The incineration, cement and plastics industries promote so-called “waste-to-energy” incineration as a “clean” and “renewable” alternative to conventional fossil fuels – but nothing could be farther from the truth! Incineration – which is simply the process of burning waste – is even dirtier than burning any other fossil fuel and squanders energy and finite resources.

Burning waste is one of the most carbon-intense sources of energy: it can double the carbon dioxide (CO2) emissions per unit of electricity of coal and oil fired power plans.[1] Moreover, in many countries, incinerators require added auxiliary fossil fuels to manage burning the high proportion of organic waste, which defeats any energy efficiency argument in favor of waste incineration. Ultimately, incinerators produce negligible energy for the enourmous costs involved.

The amount of waste that is burnt represents only the tip of a very big iceberg of waste and despoliation created across the materials economy and lifecycle of products. Burning recyclable or reusable resources drives a climate-changing cycle of new resources pulled out of the earth, processed in factories, shipped around the world, and then wasted in incinerators and landfills. A U.S. EPA analysis found that the provision of food and goods systems contribute to 42% of U.S. greenhouse gas emissions,[2] so resource efficiency and zero waste strategies are to play a key role in the battle against climate change.

In addition to contributing intensively to climate change, even the most technologically advanced incinerators release thousands of pollutants that contaminate our local air, soil and water. Pollutants like dioxin and mercury enter the food supply and concentrate up through the food chain.

Rather than burn their garbage, cities around the world are working toward the achievable, sustainable goal of Zero Waste.[3] Reducing, reusing, recycling and composting create livelihoods, save money, and protect the environment and public health. These efforts go hand-in-hand with clean production, producer responsibility, and waste minimization programs for dangerous and hard-to-recycle materials. Together, these practical, bottom-up strategies also provide some of the best decentralized urban solutions for reducing climate pollution and conserving energy and natural resources.

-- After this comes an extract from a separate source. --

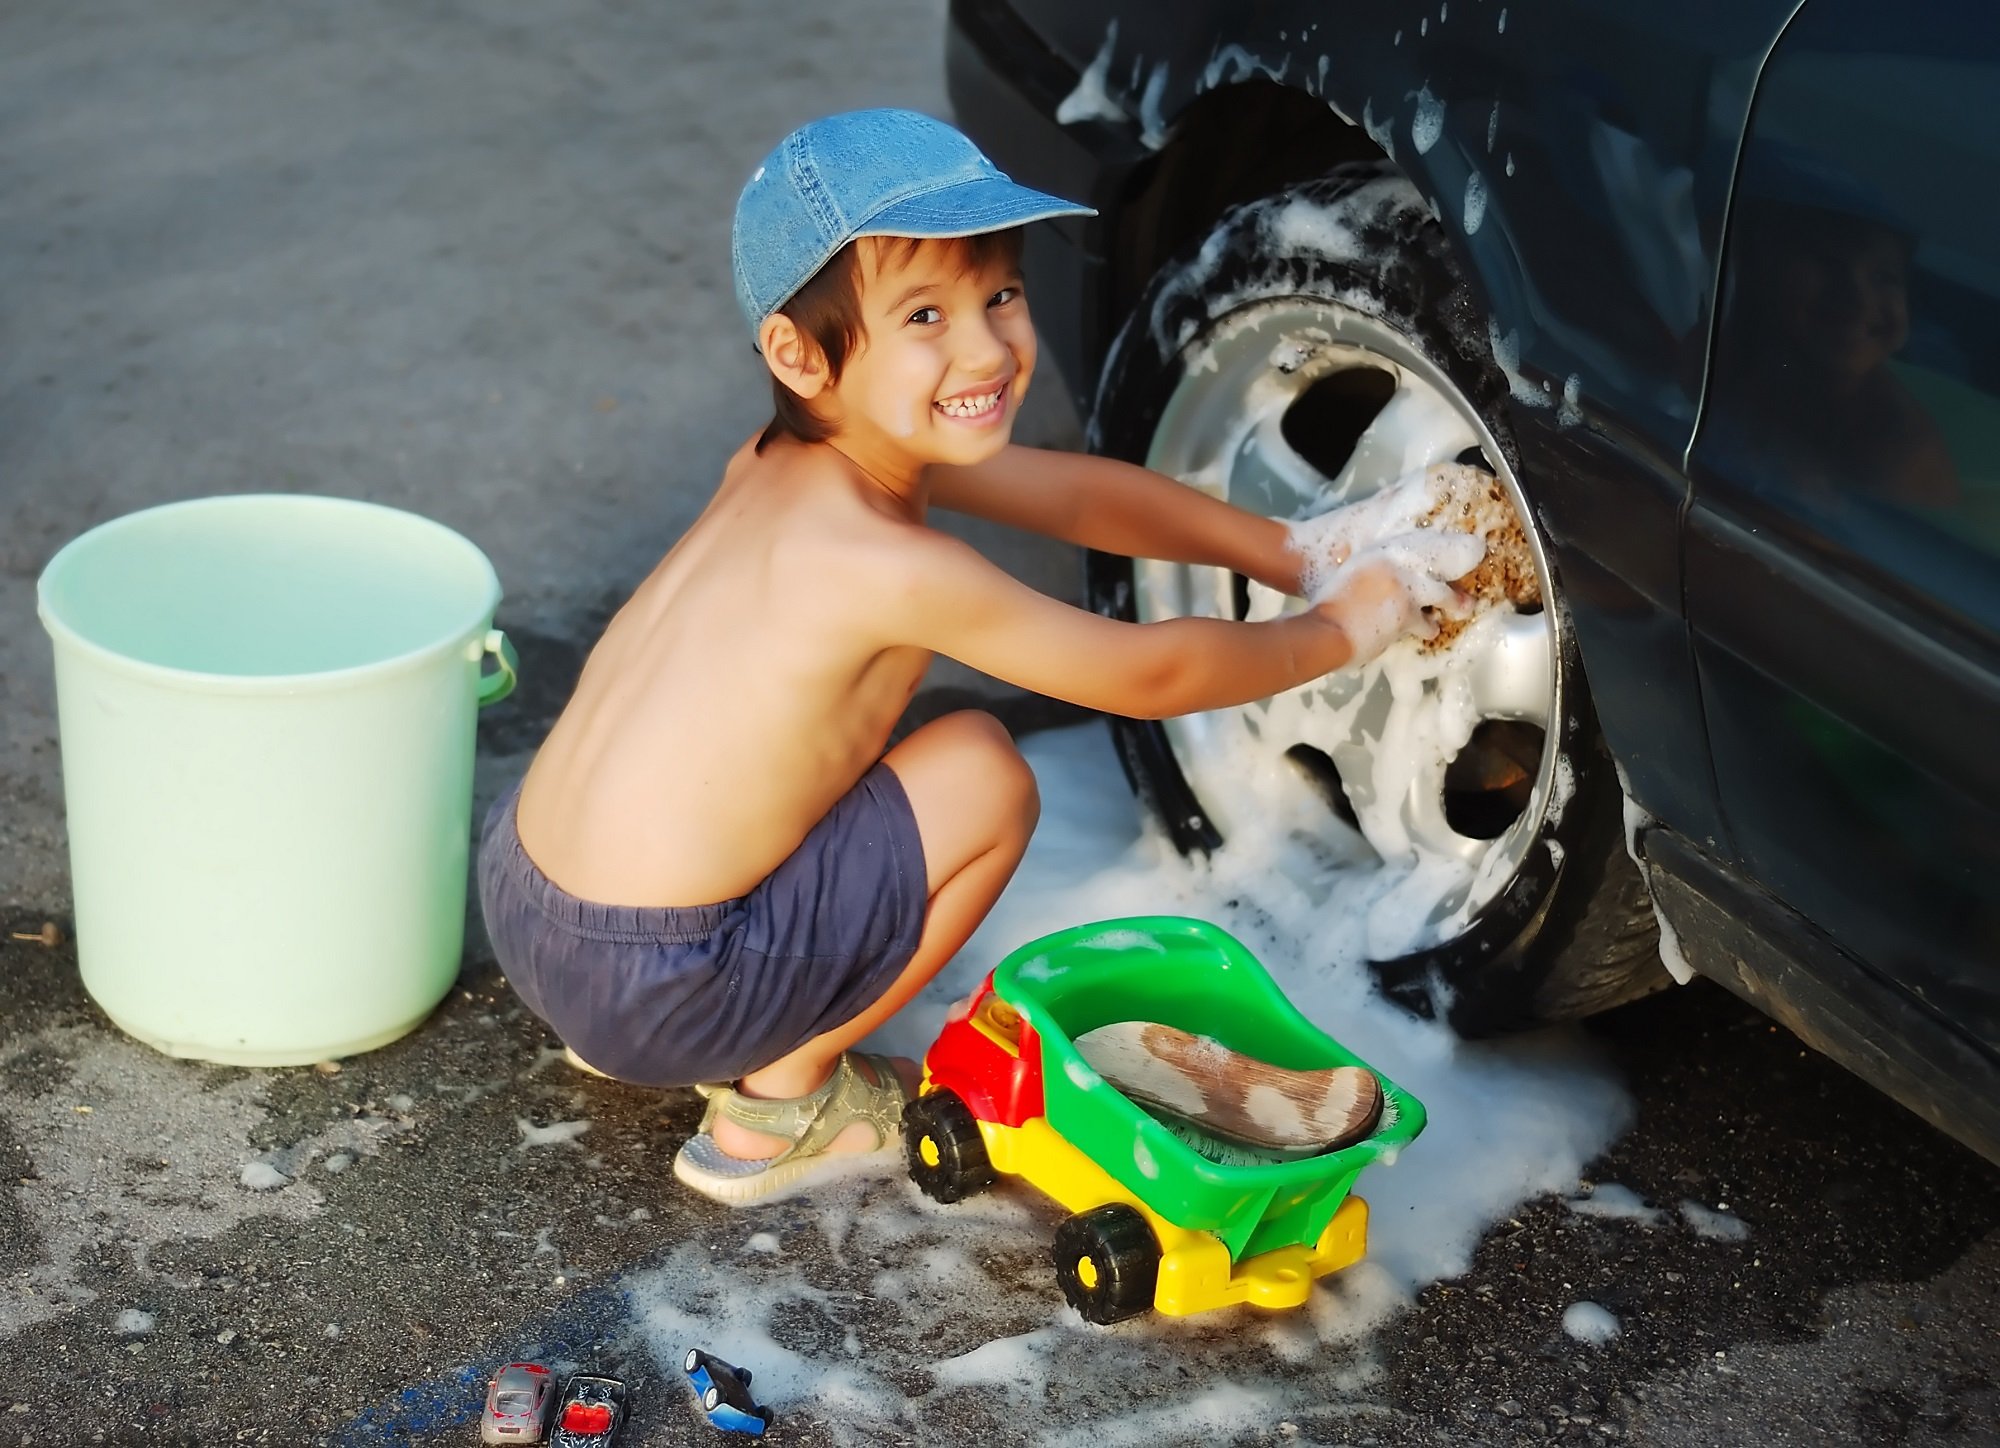 Jovencito ayuda a lavar el auto familiar. | Foto: Shutterstock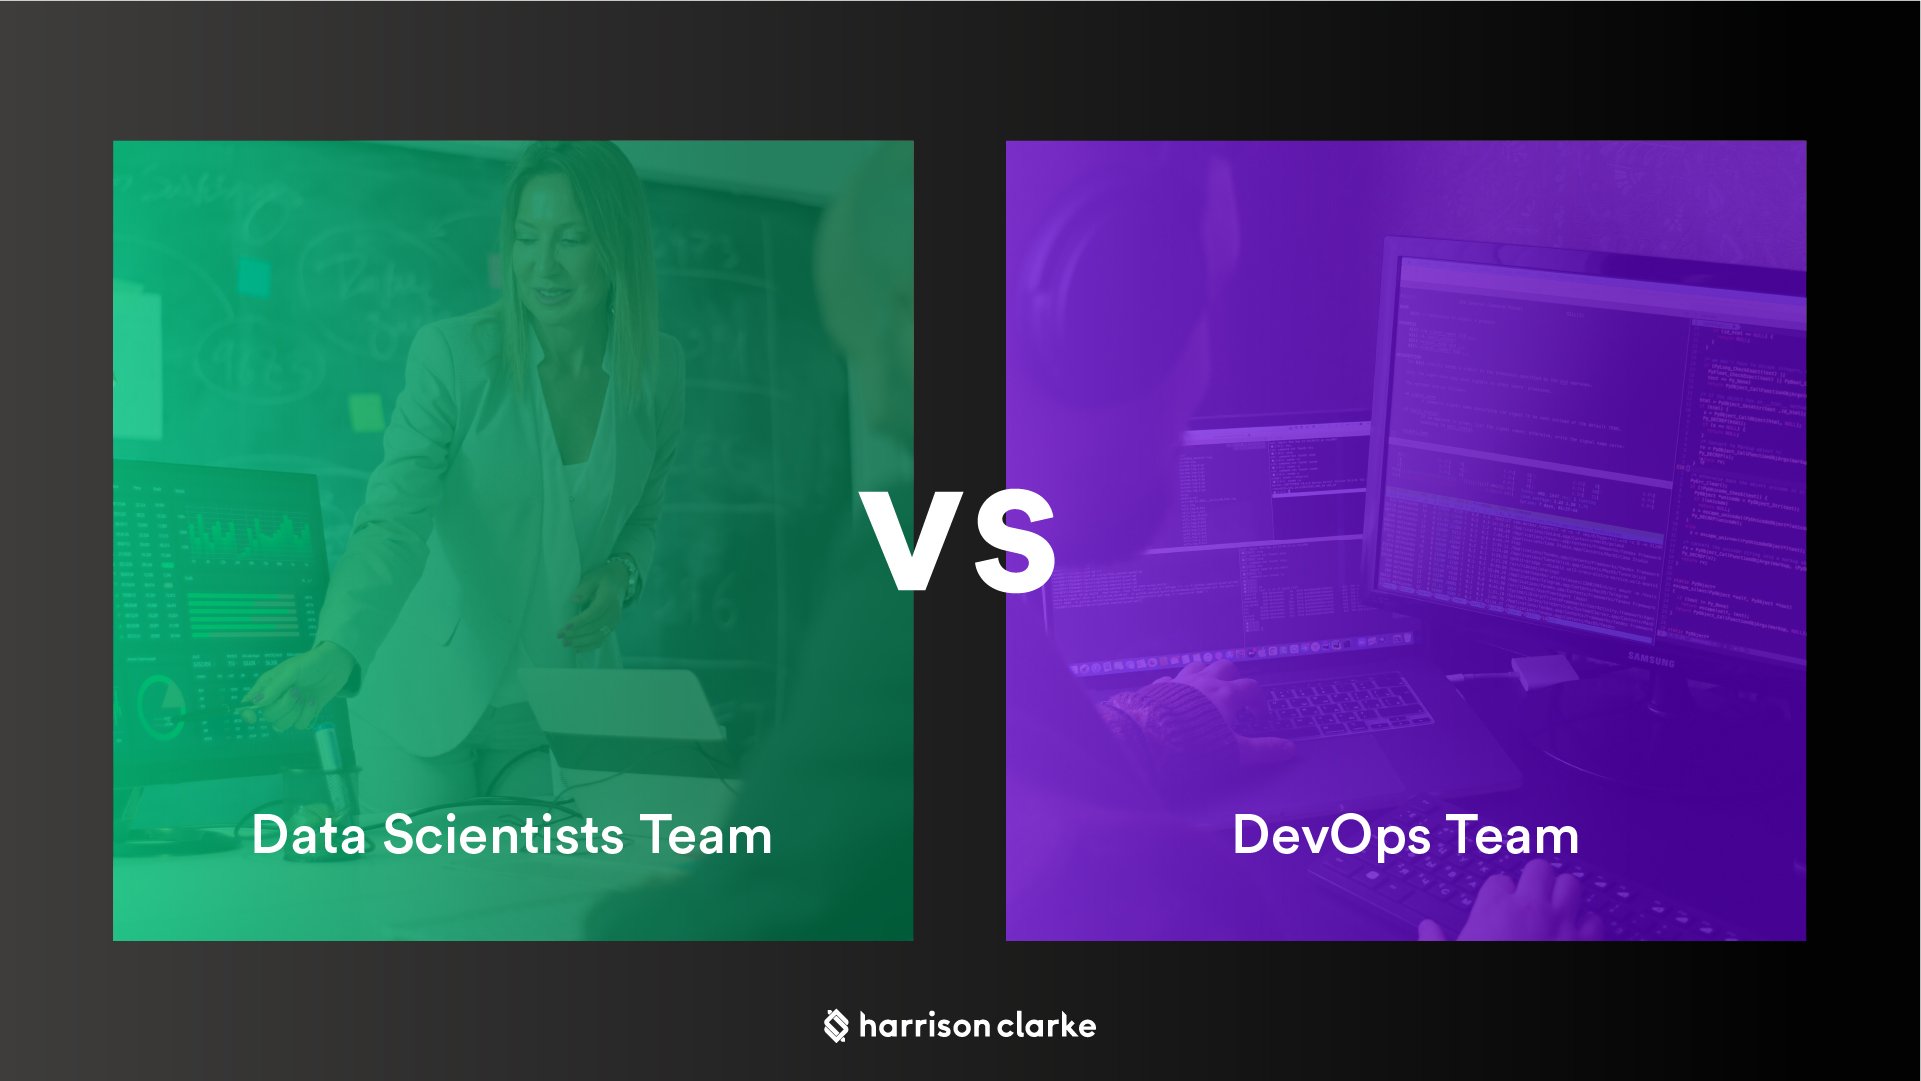 Data Scientists Team vs DevOps Team

On this Global Month of Action Against Dirty Energy WE RESOLVE that:

  • We will include waste incineration in our education efforts against dirty energy. Burning waste is highly polluting and generates negligible amounts of energy.
  • Incineration should be banned from our governments’ renewable energy portfolio and/or subsidy programs. So-called “waste to energy” incineration is dirty energy, NOT renewable energy, as it relies on the continuous production of waste from finite resources.
  • Our governments should divest from all types of incinerators, including too-good-to-be-true gasification, pyrolysis, and plasma arc technologies, and instead support zero waste systems. Both incinerators and landfills contribute to climate change and encourage over-consumption, they have no place in a sustainable future.
  • Zero Waste communities and resilient local economies are the way of the future. Zero Waste creates jobs, saves money, and is an essential strategy to combat climate change while conserving valuable resources and energy. Zero Waste is already a working solution in dozens of places across the world.